GOAL OF THE EXERCISE ▸ Write out the listing below character for character, though without its pictures.

INFORMATION SHOWN ▸
* * * *

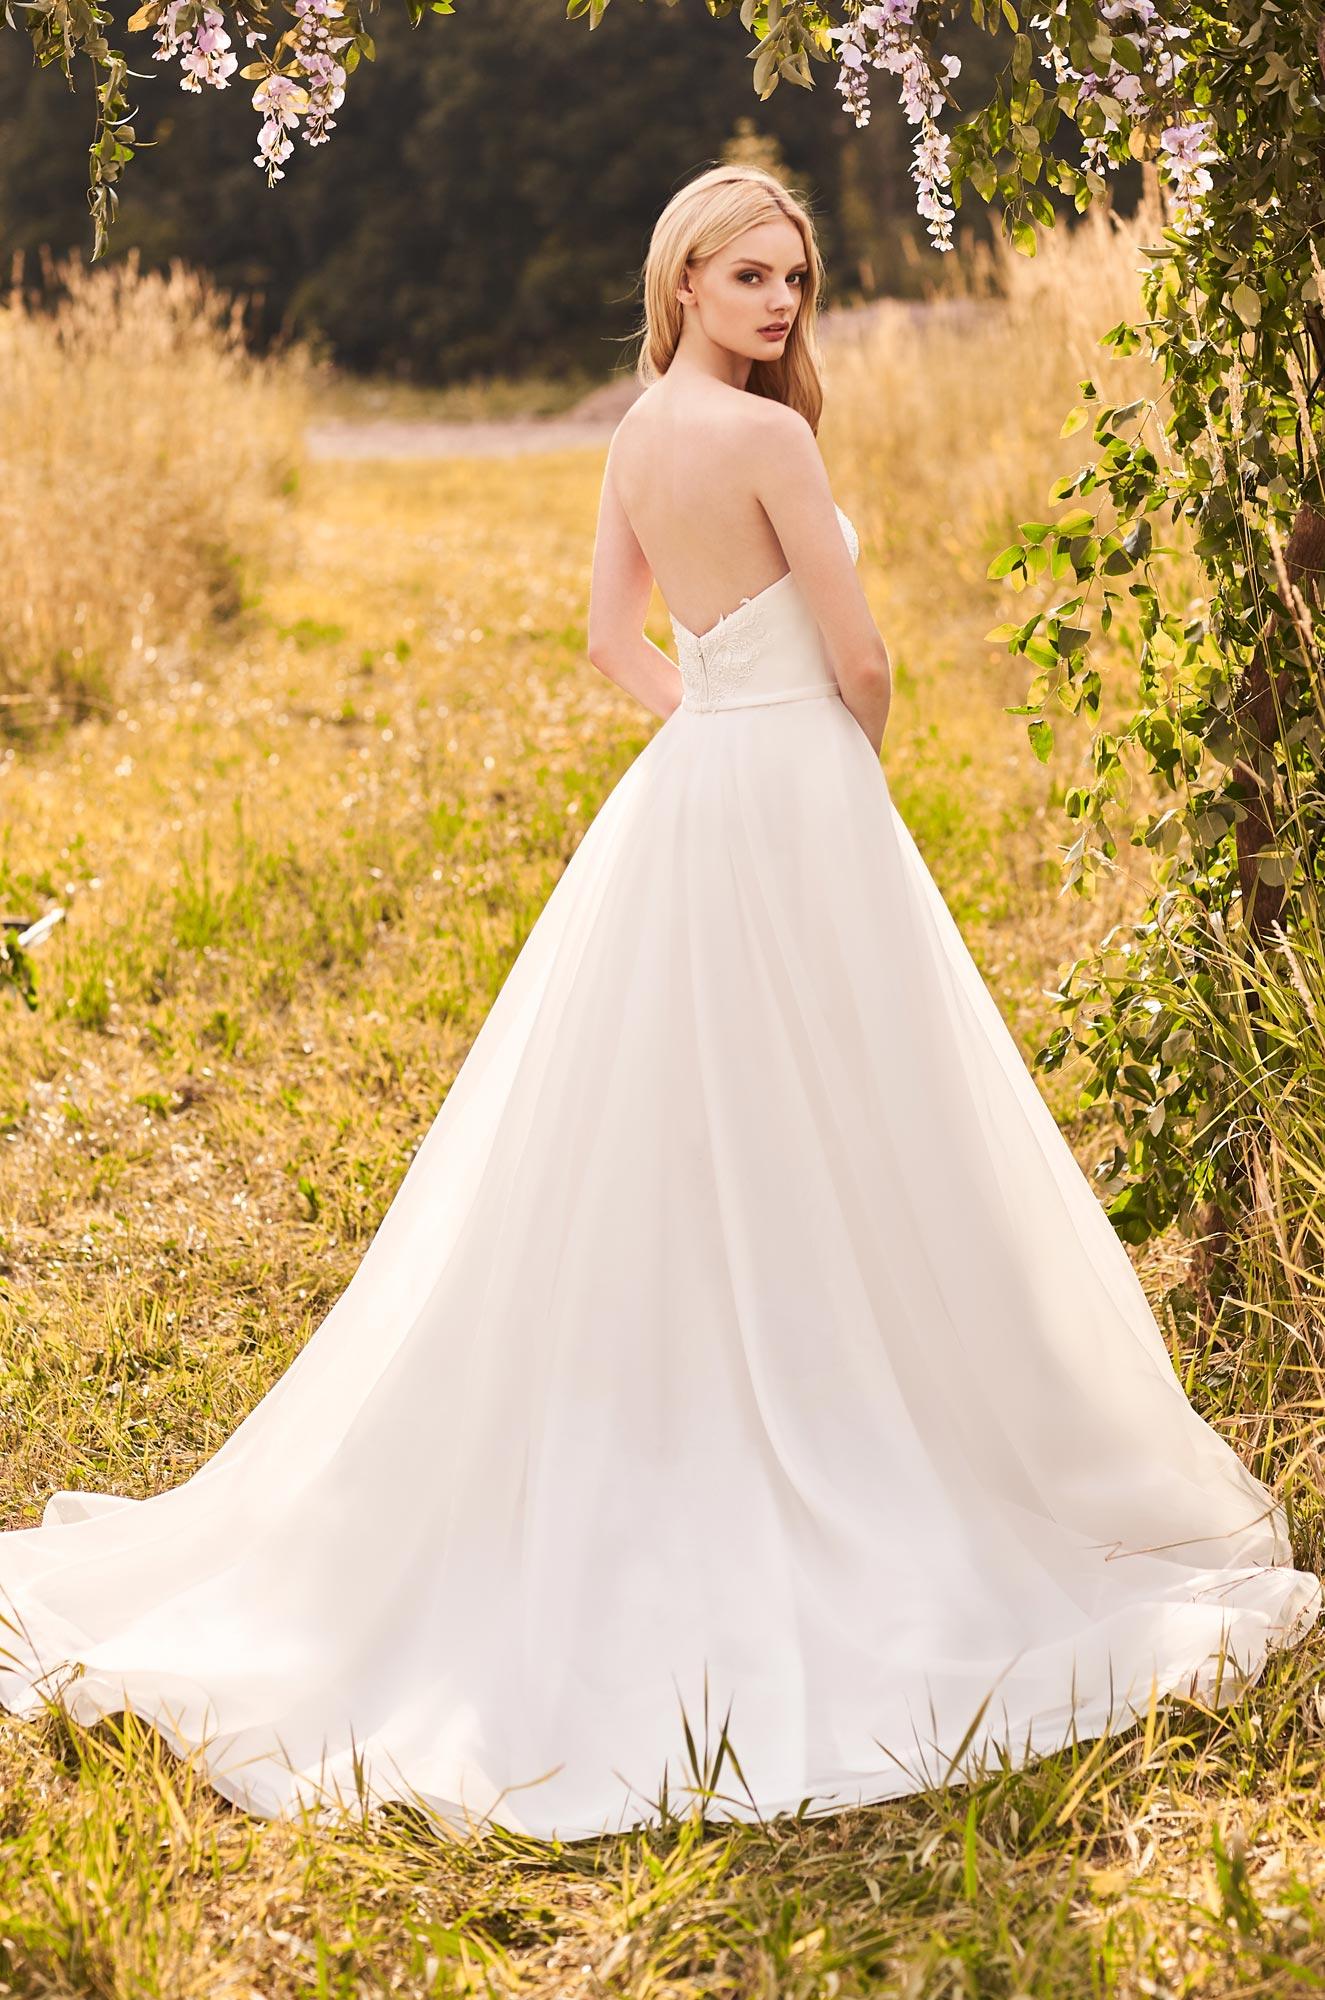 Beaded Strapless Wedding Dress - Style #2291 | Mikaella Bridal
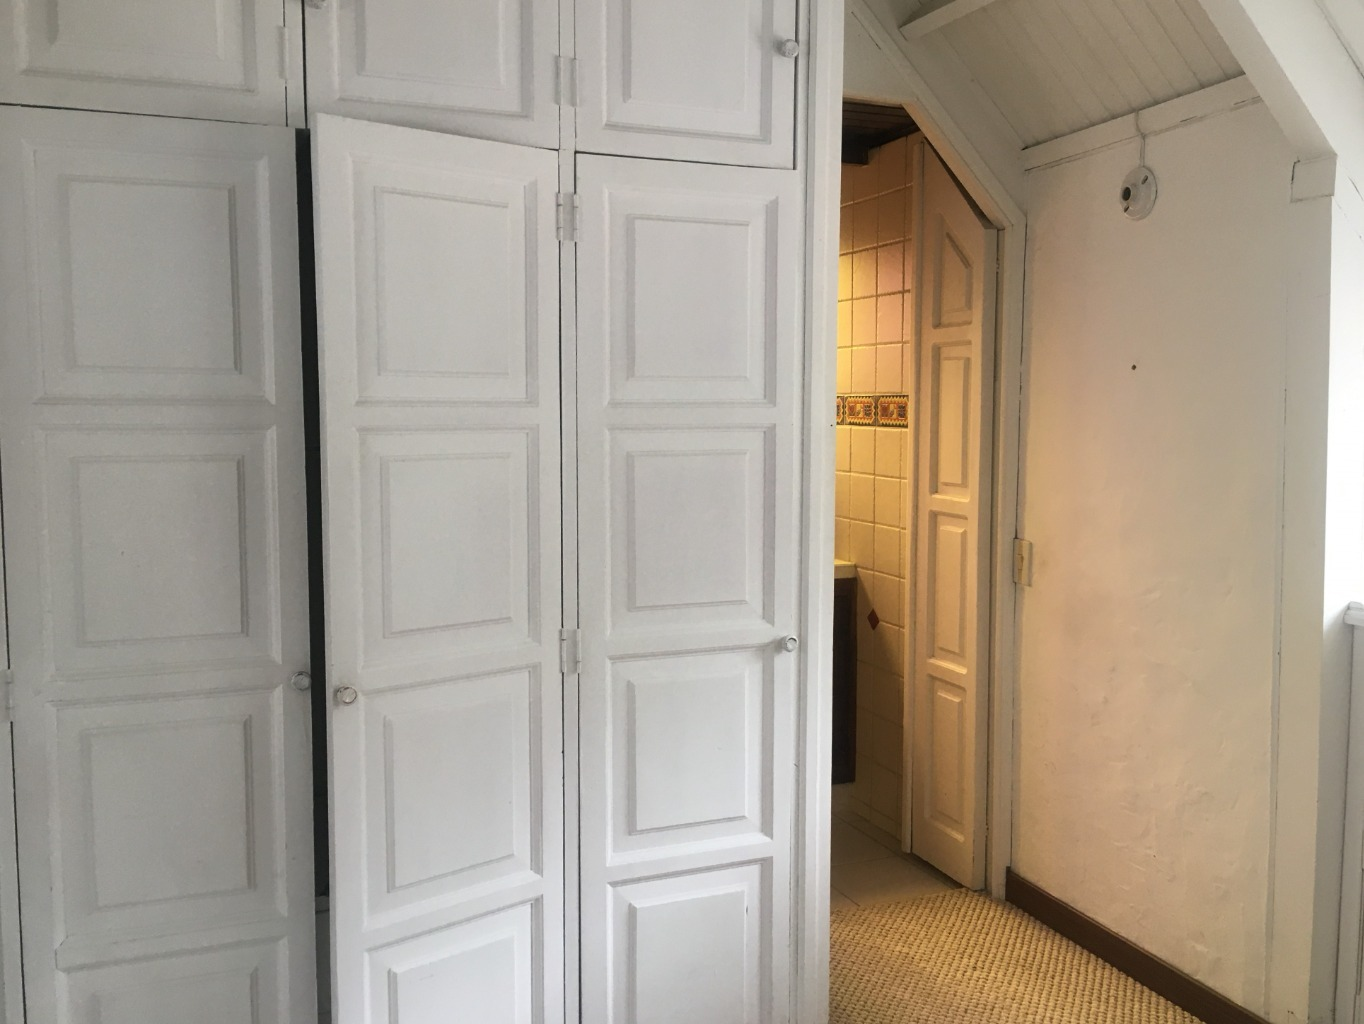 Casa en La Calera 16125, Photo13
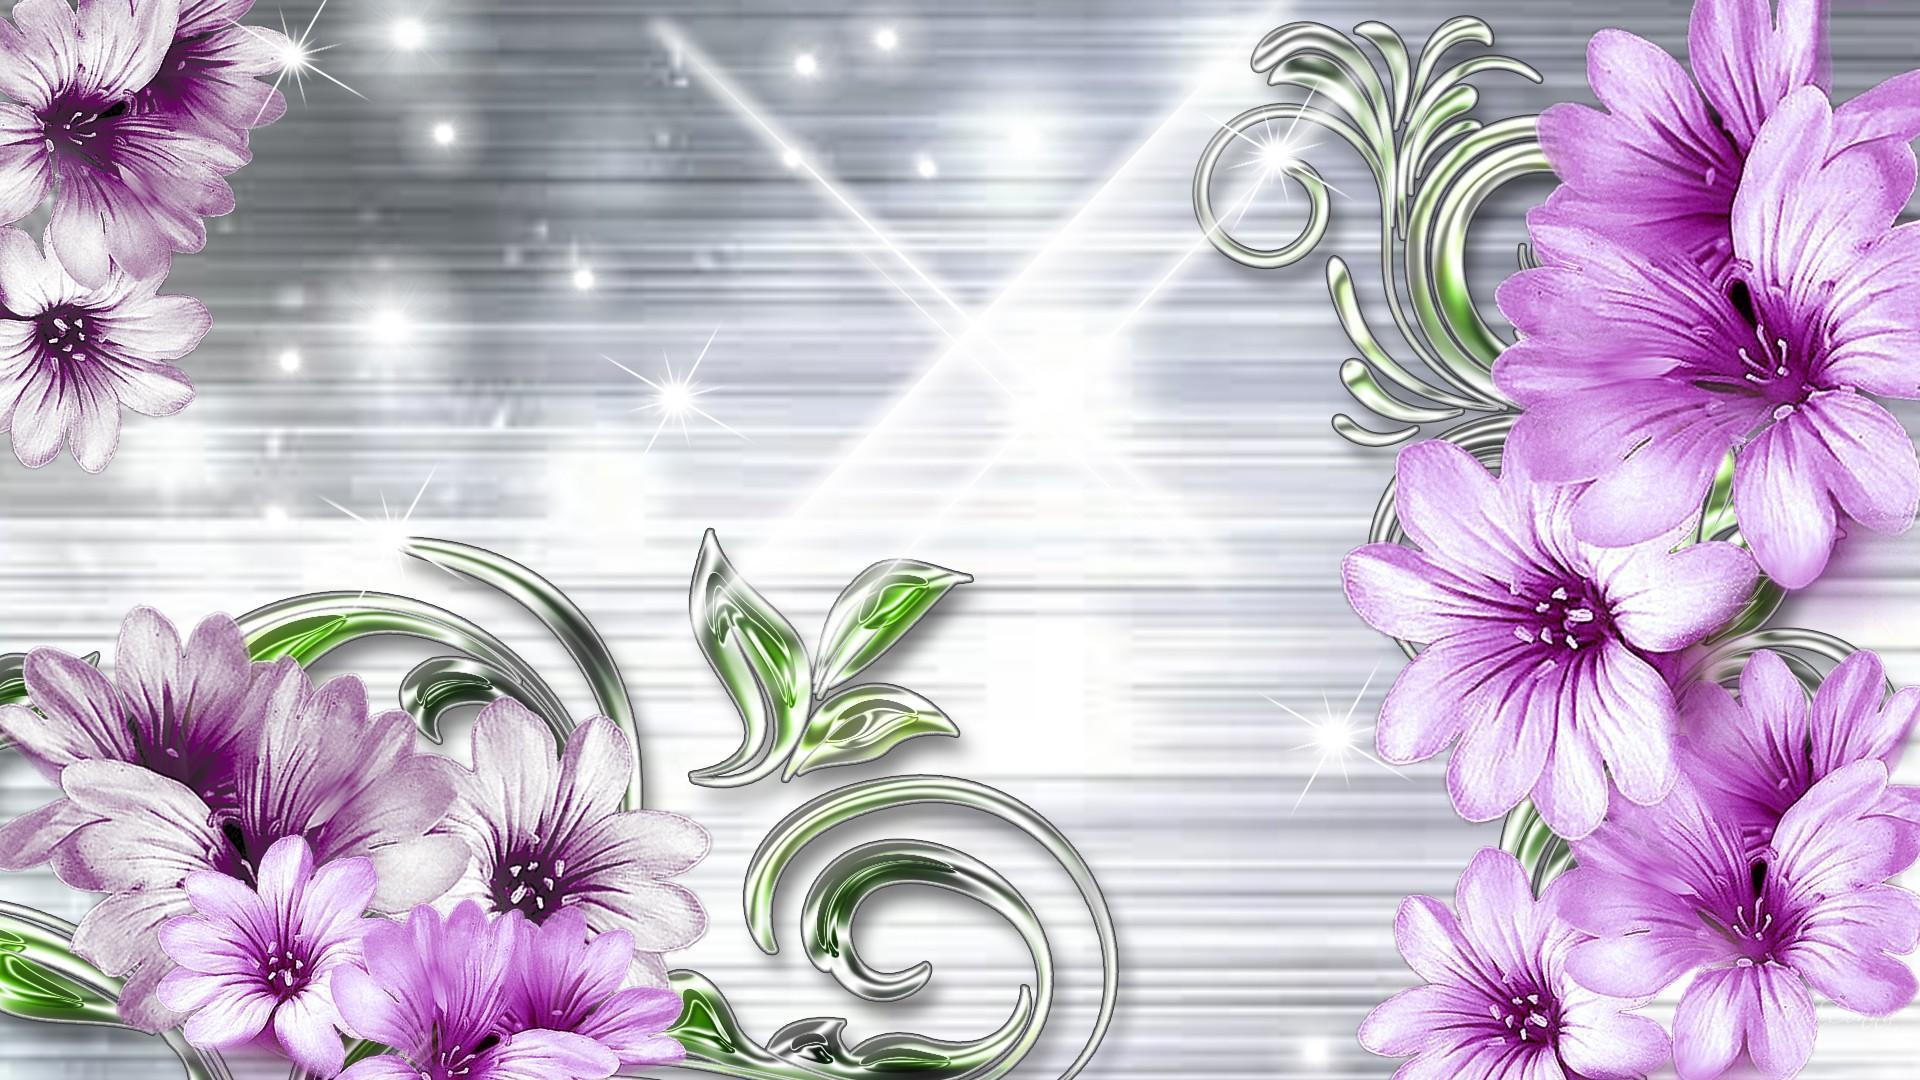 Lavender Color Wallpapers - Wallpaper Cave

* * * *

PROBLEM SOLUTION ▸
 Beaded Strapless Wedding Dress - Style #2291 | Mikaella Bridal
 Casa en La Calera 16125, Photo13
 Lavender Color Wallpapers - Wallpaper Cave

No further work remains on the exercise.